10. The utterly hidden black-box benevolent controller of the deterministic cosmos.  Apophatic level, indirectly intuited or deduced or felt.  Throne of the Good god.

9. The divine transcendent realm.  The initiate is pulled up and spiritually born out from the deterministic cosmos.

8. The fixed stars; cosmic determinism.  Peak experience of no-free-will/no-separate-self.

5-7. The slow planets.  Intermediate level mystic-experiencing.  Glimpses of frozen time and of unity.

2-4. The fast planets.  Beginning of one's mystic-experiencing initiations.

1. Earth.  Childish/animal delusion of freewill and motion; time passage taken as simply real.

The Hermetic astrology of around 250 CE is similar to that of the Renaissance.  The New Chronology postulates that the years 600-900 didn't exist; that would help explain this similarity, this apparent intact, wholesale leap of mystic astrology across the supposed long divide from the Roman era to the Renaissance era.

The astral ascent occurs in conjunction with eating manna -- the bread of heaven -- or drinking from the krater of mind (krater means a bowl for 'mixed wine').

Entheogenic astrological allegory

Entheogenic astrological allegory, or entheogenic astrotheology

Astrotheology provides solidly plausible, satisfying explanations of various elements of Christian myths -- answering some questions that aren't answered as well using entheogenic allusions.  Such astrotheology is defined in Acharya S' book _The Christ Conspiracy: The Greatest Story Ever Sold_, and early 20th century Christ-myth books.  An example of astrotheology: the 12 apostles are nameless but the number alludes to the 12 signs of the zodiac.

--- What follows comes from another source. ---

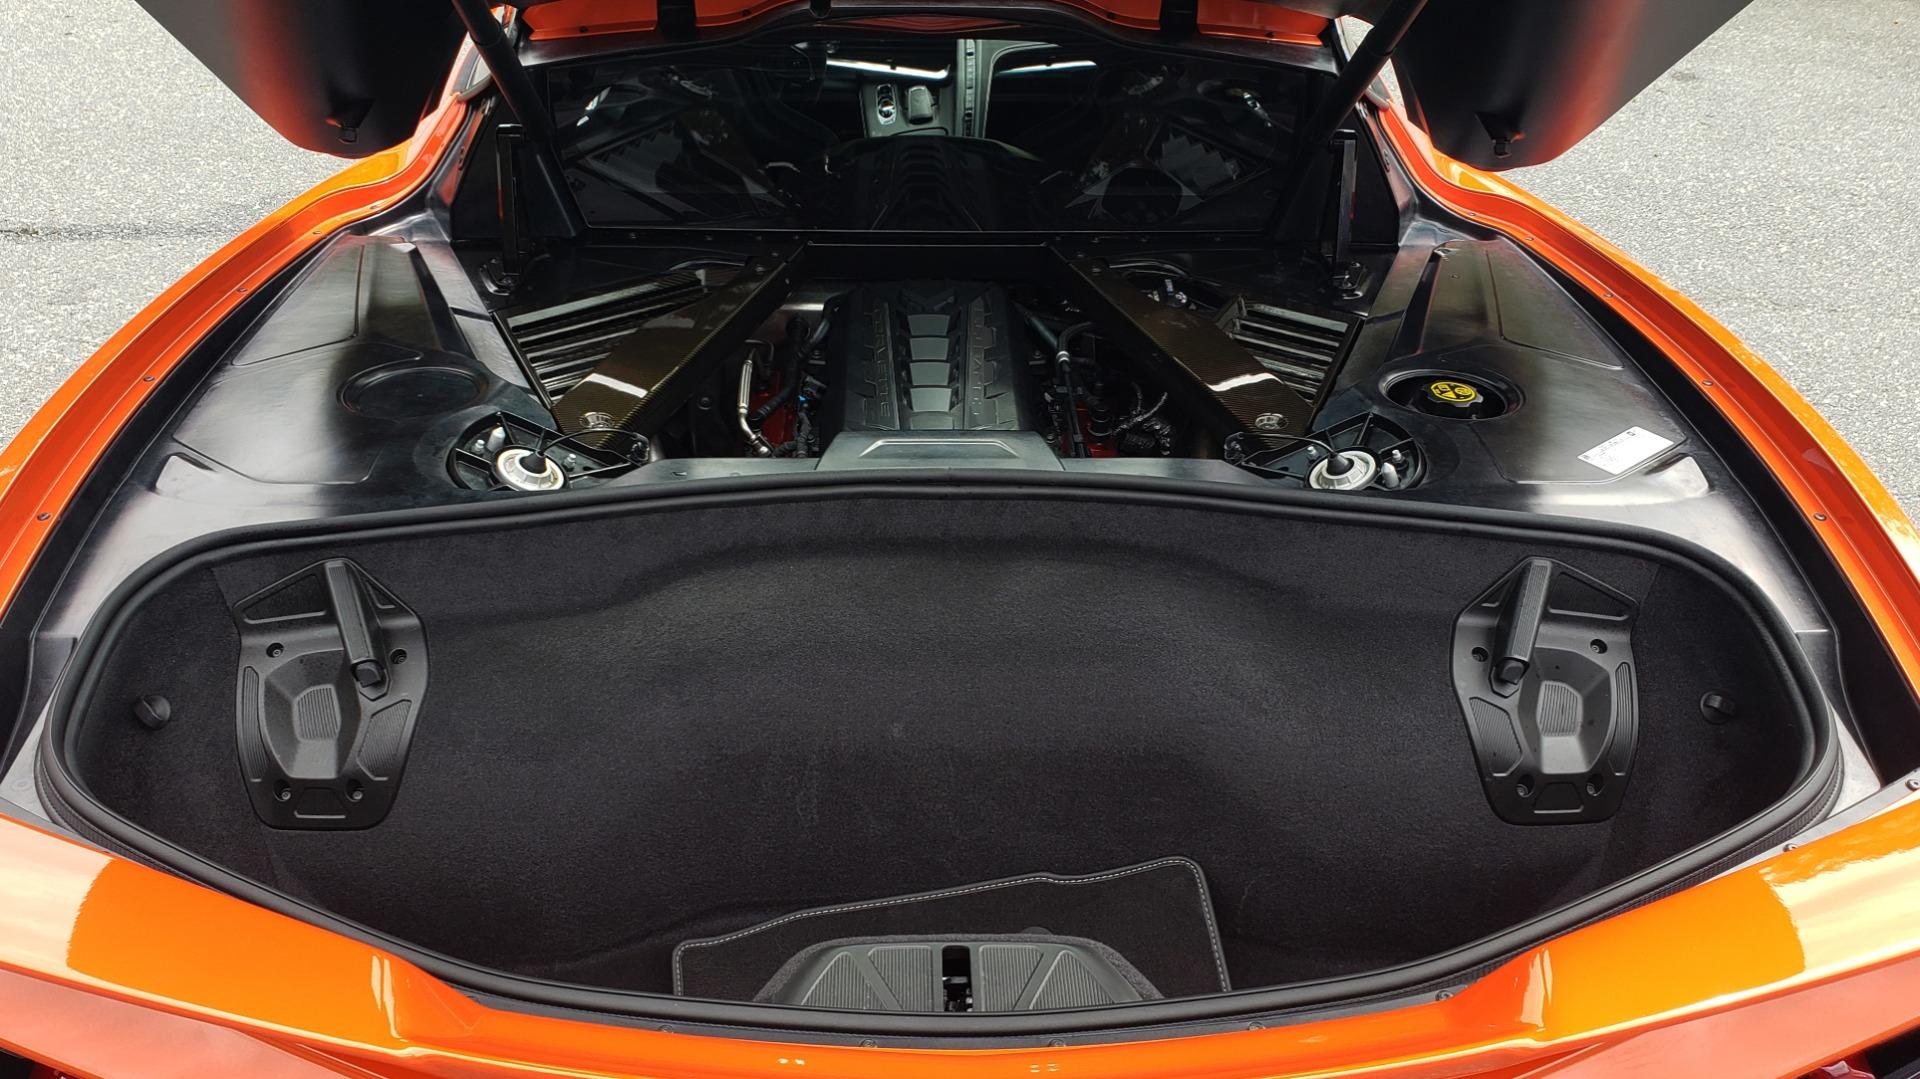 Used 2020 Chevrolet CORVETTE C8 STINGRAY 2LT / 6.2L V8 / 8-SPD AUTO / NAV / BOSE / REARVIEW / DATA RECOR for sale Sold at Formula Imports in Charlotte NC 28227 19
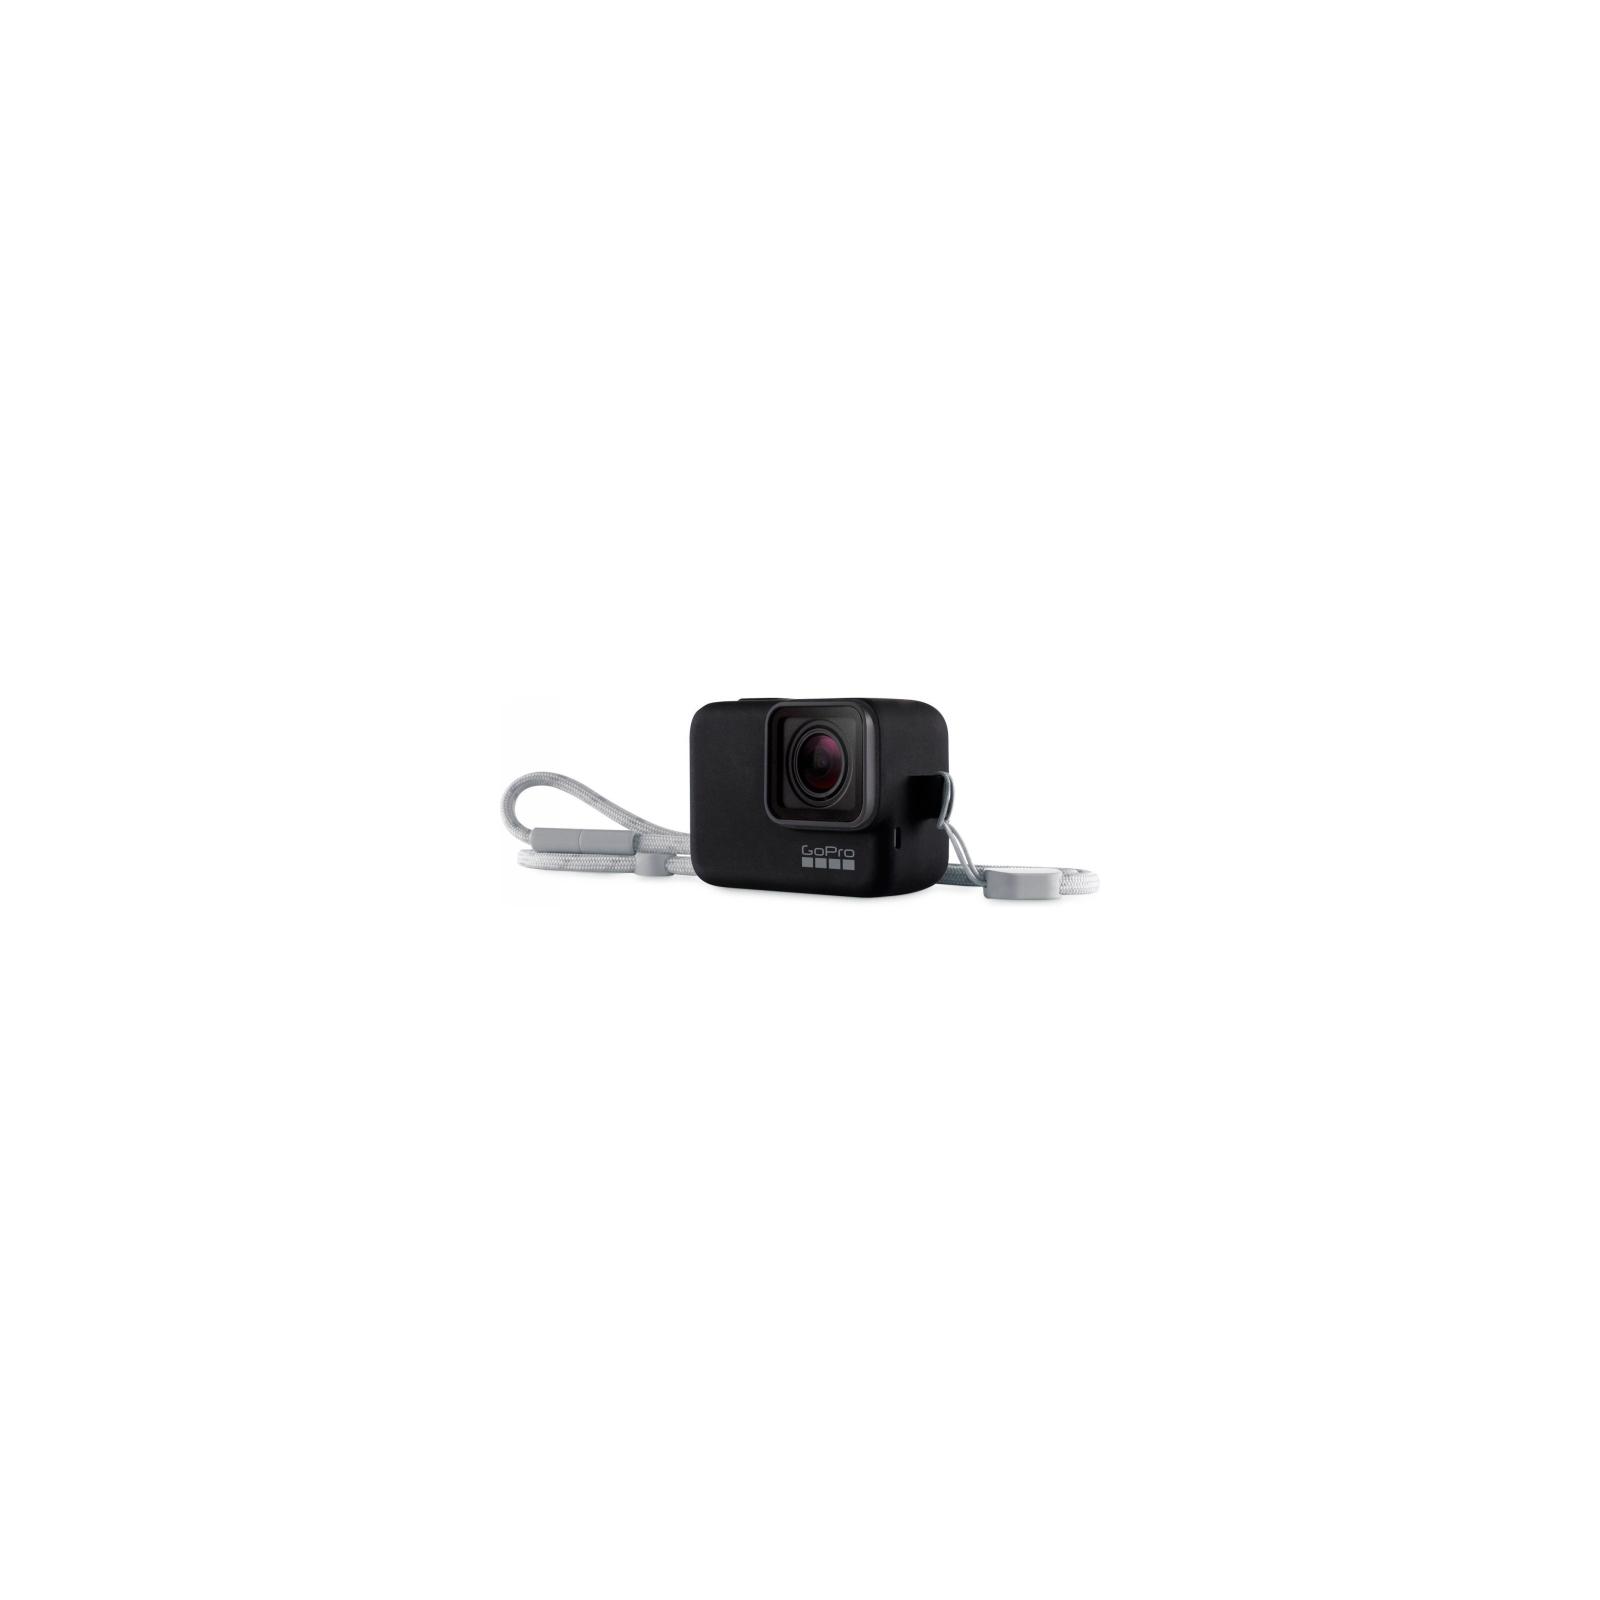 Аксессуар к экшн-камерам GoPro Sleeve & Lanyard (Black) (ACSST-001) изображение 3

Search my home page for "Christ myth" to find my table of books.  Search google.com to find her home page, if my page doesn't link to it.

The Gnostics, late antiquity, and Mithraism were all extremely oriented toward astrology and allegories of it.  And these traditions used a consumed sacrament connected with death and resurrection.  The mystery religions used entheogens with an allegorical, largely astrological framework, to discover, experience, and transcend cosmic determinism.  The later mystery religions (125-300 CE) were back- projected to the age of the fall of the Jerusalem temple to form a version of the universal mythic religion that was set in a particular historical context -- thus was created catholic Christianity.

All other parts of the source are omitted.